[RECORDS FOR THE EXERCISE]
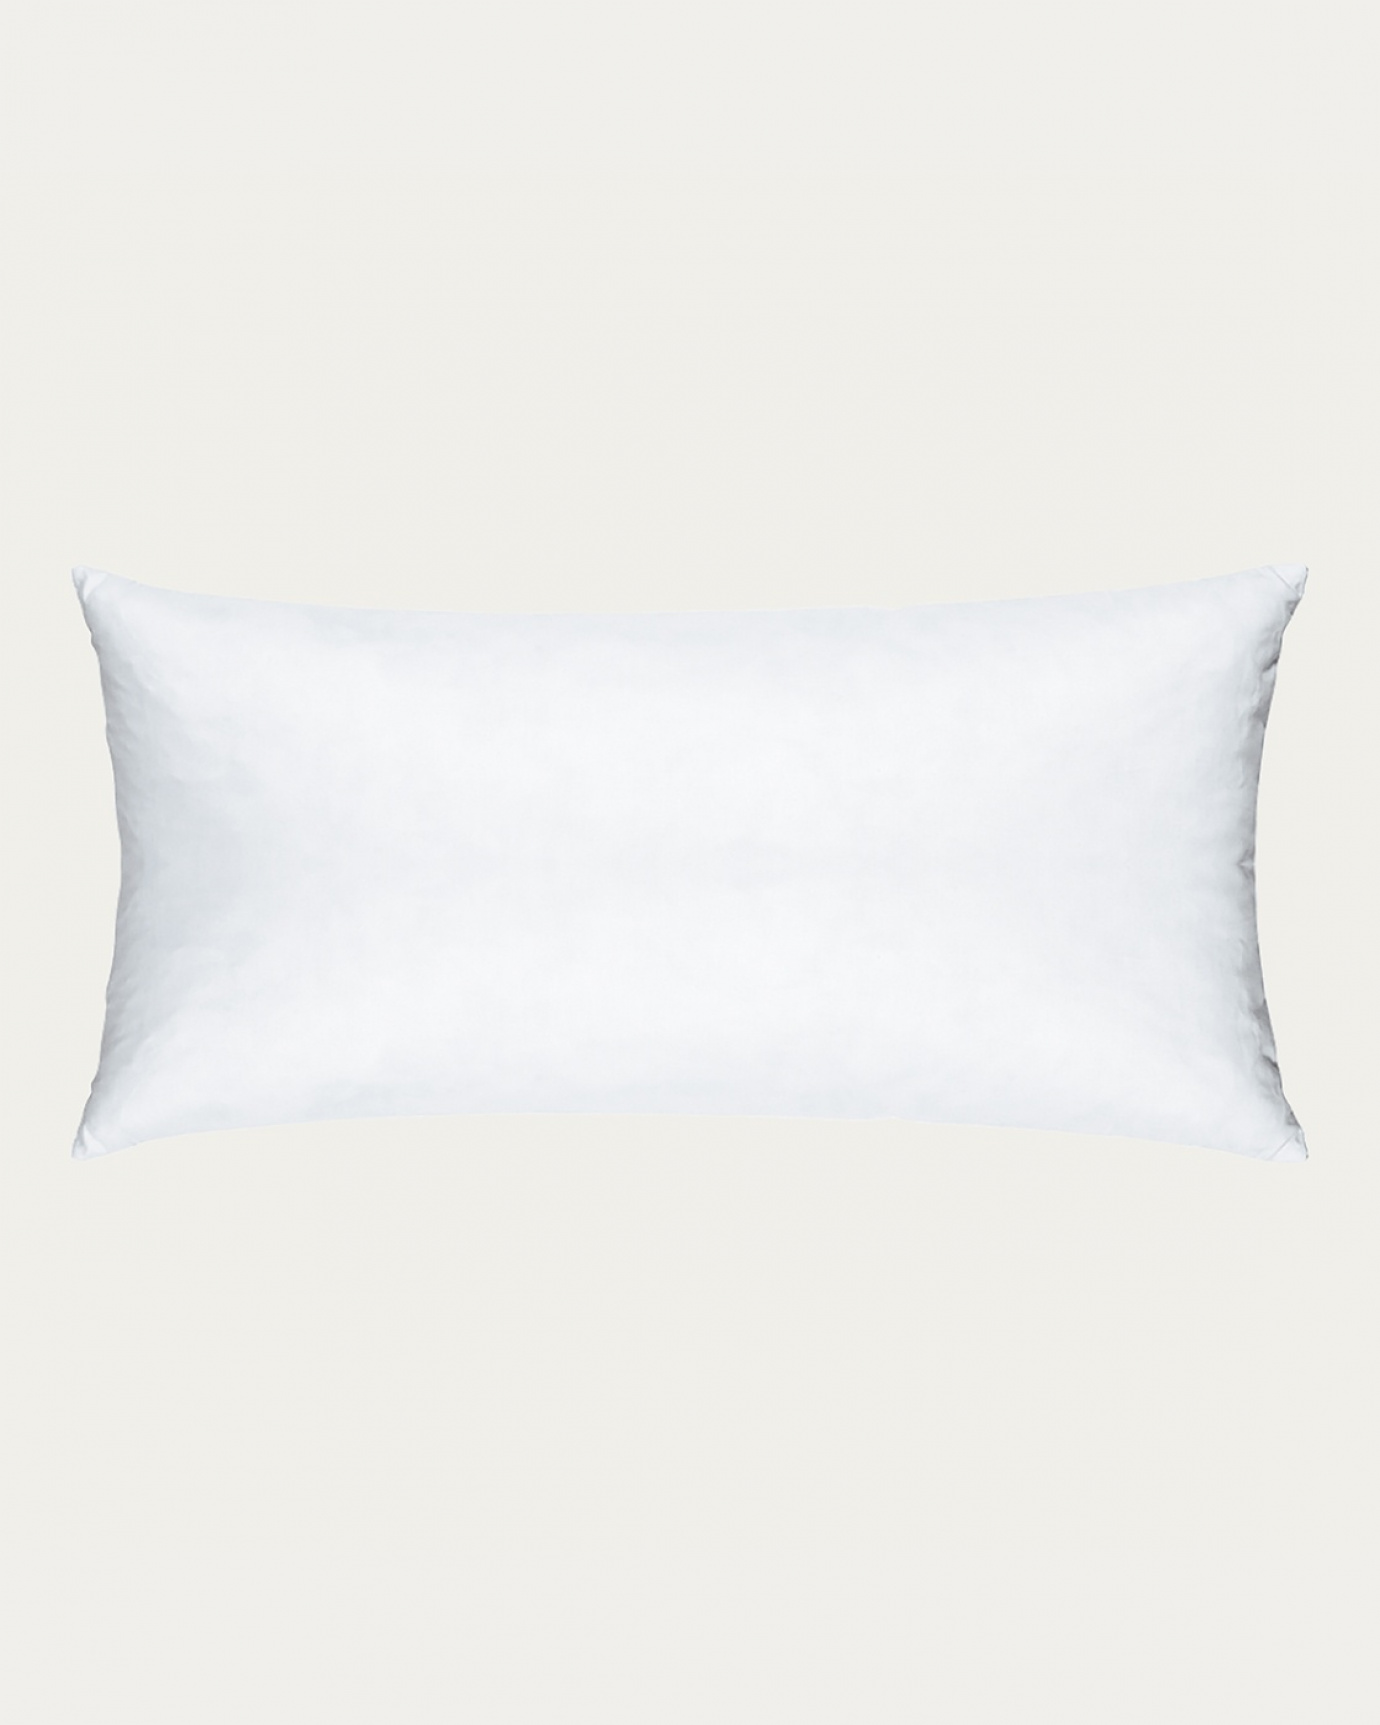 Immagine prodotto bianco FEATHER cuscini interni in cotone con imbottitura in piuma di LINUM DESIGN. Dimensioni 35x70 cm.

* * *

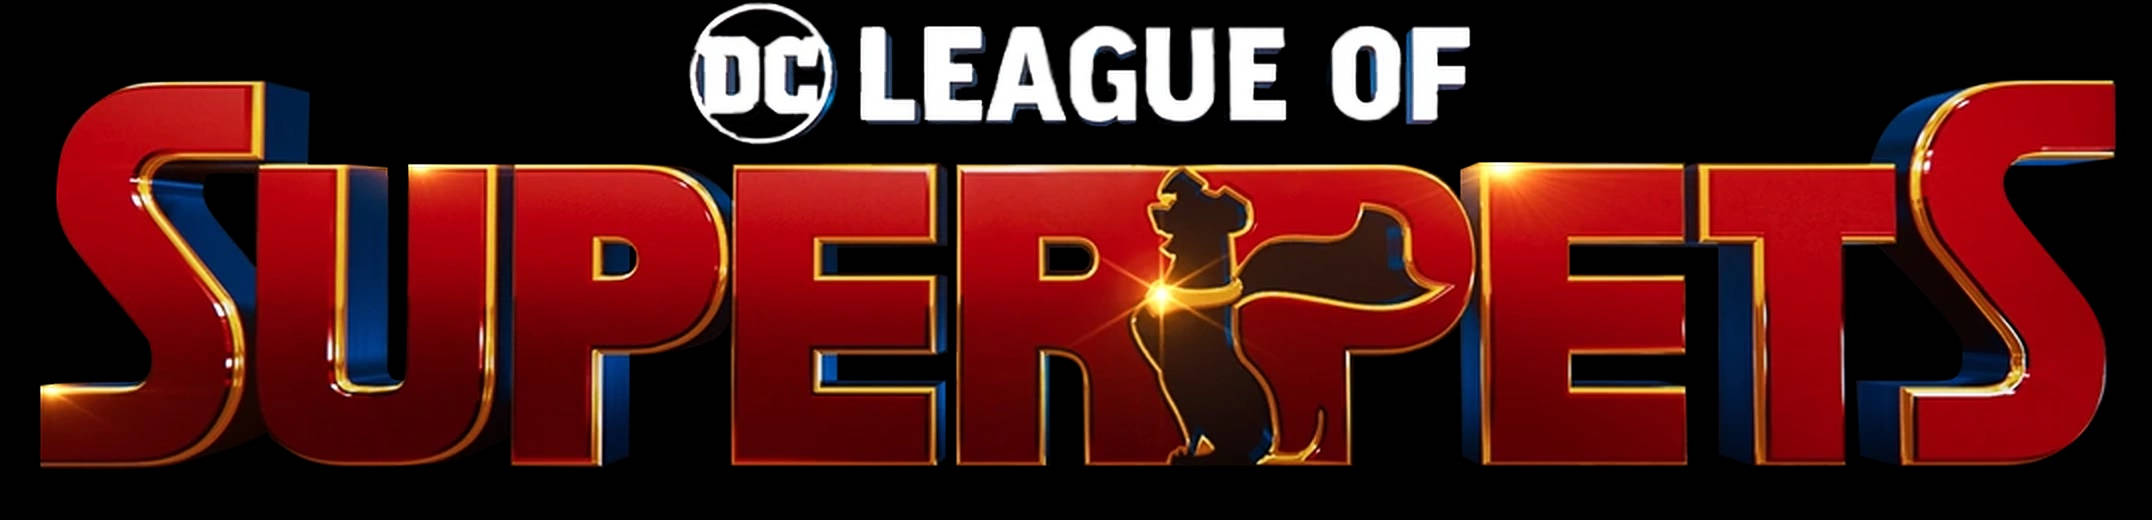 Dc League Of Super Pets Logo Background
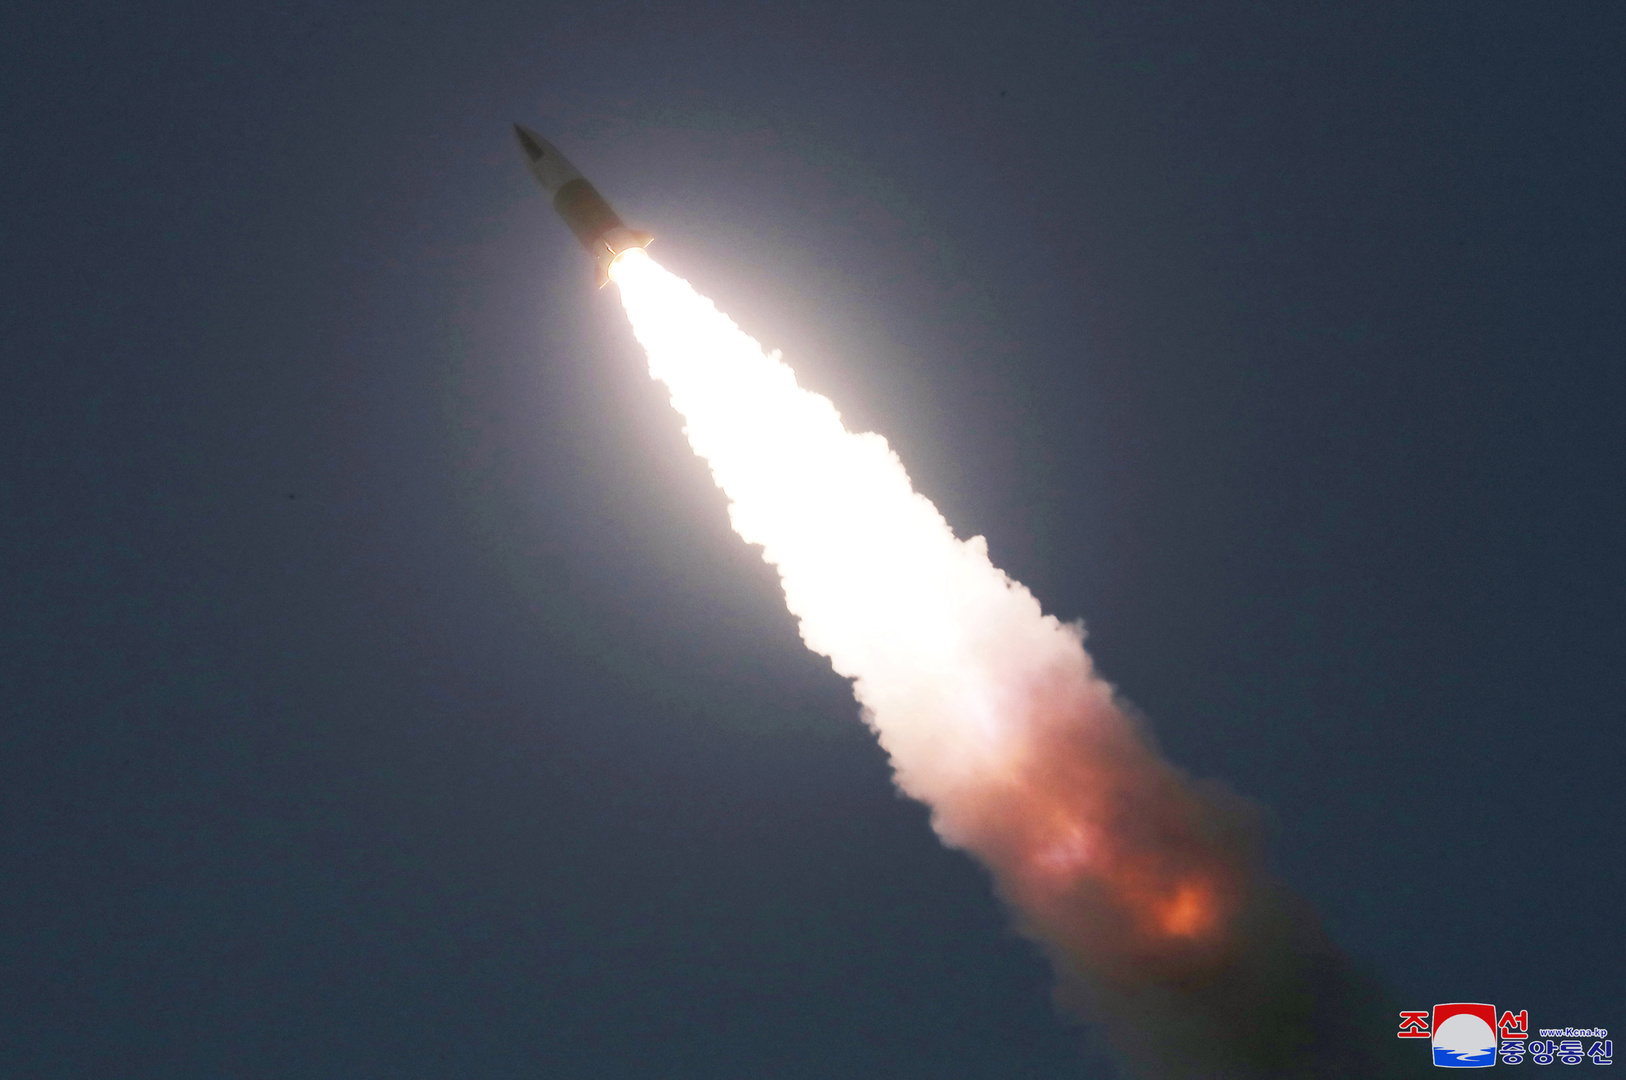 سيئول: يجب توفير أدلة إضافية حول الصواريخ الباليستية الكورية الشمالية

--

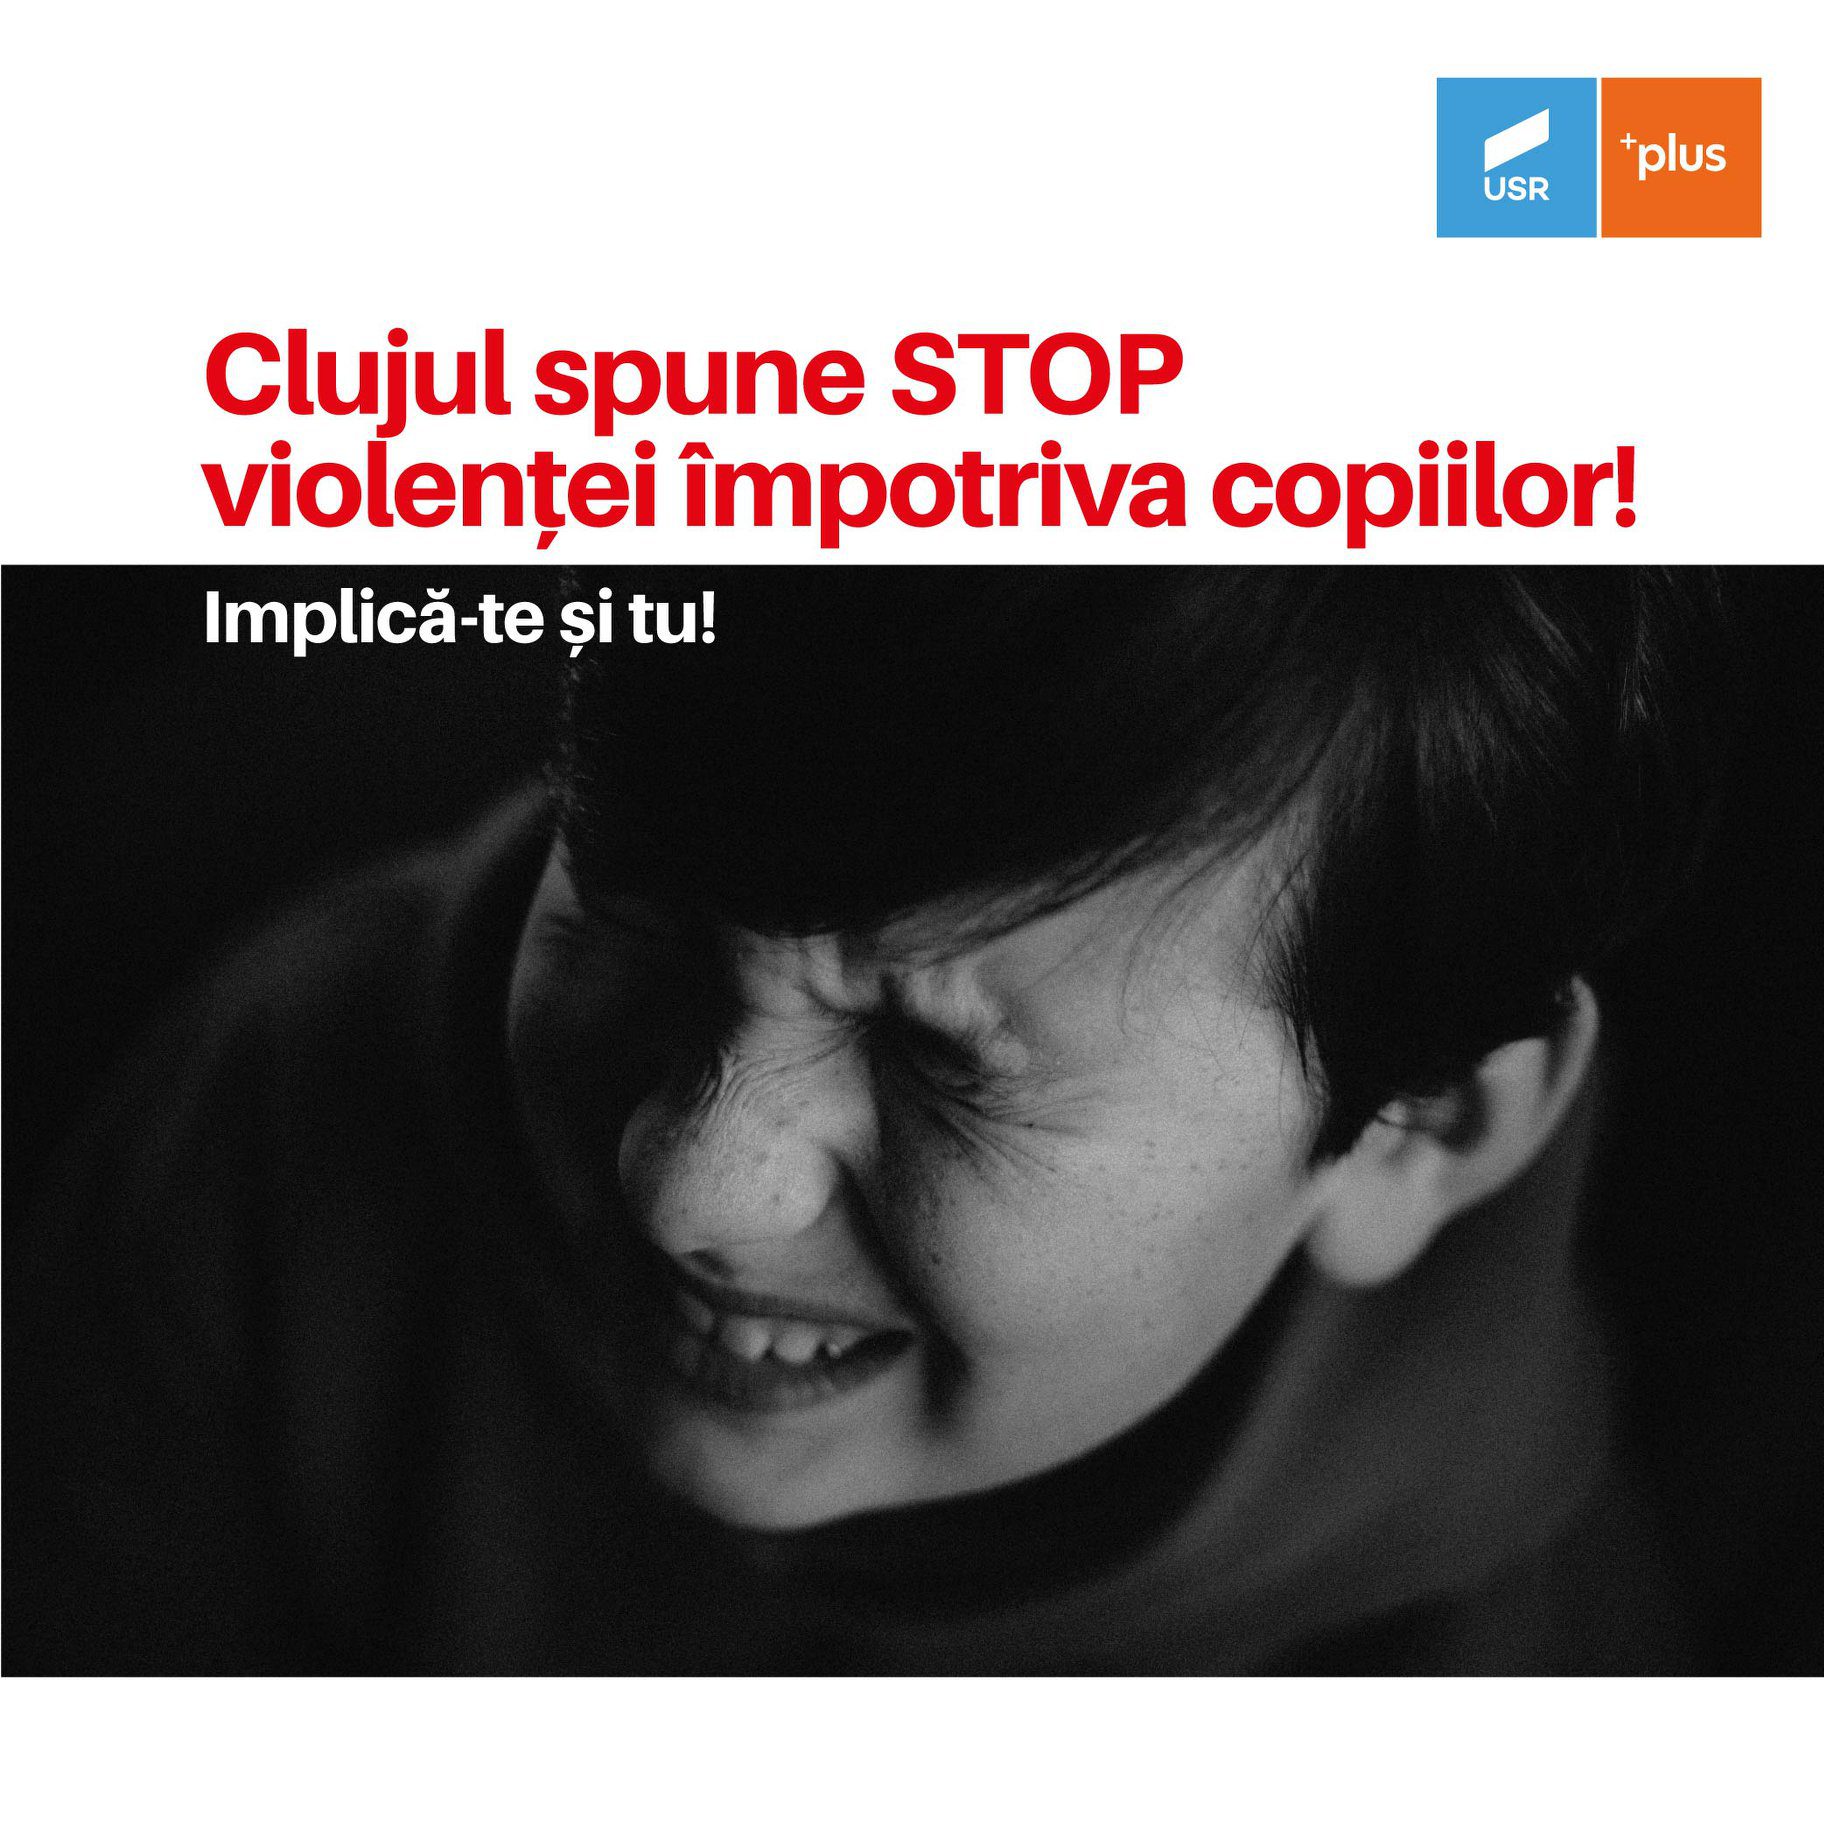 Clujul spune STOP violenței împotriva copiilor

[TASK] Starting at the line with "Dc League Of Super Pets Logo Background" in the entries above, write out every line exactly until the line with "سيئول: يجب توفير" has been written. Include no pictures and nothing more.

[ANSWER FOR THE TASK]
 Dc League Of Super Pets Logo Background
 سيئول: يجب توفير أدلة إضافية حول الصواريخ الباليستية الكورية الشمالية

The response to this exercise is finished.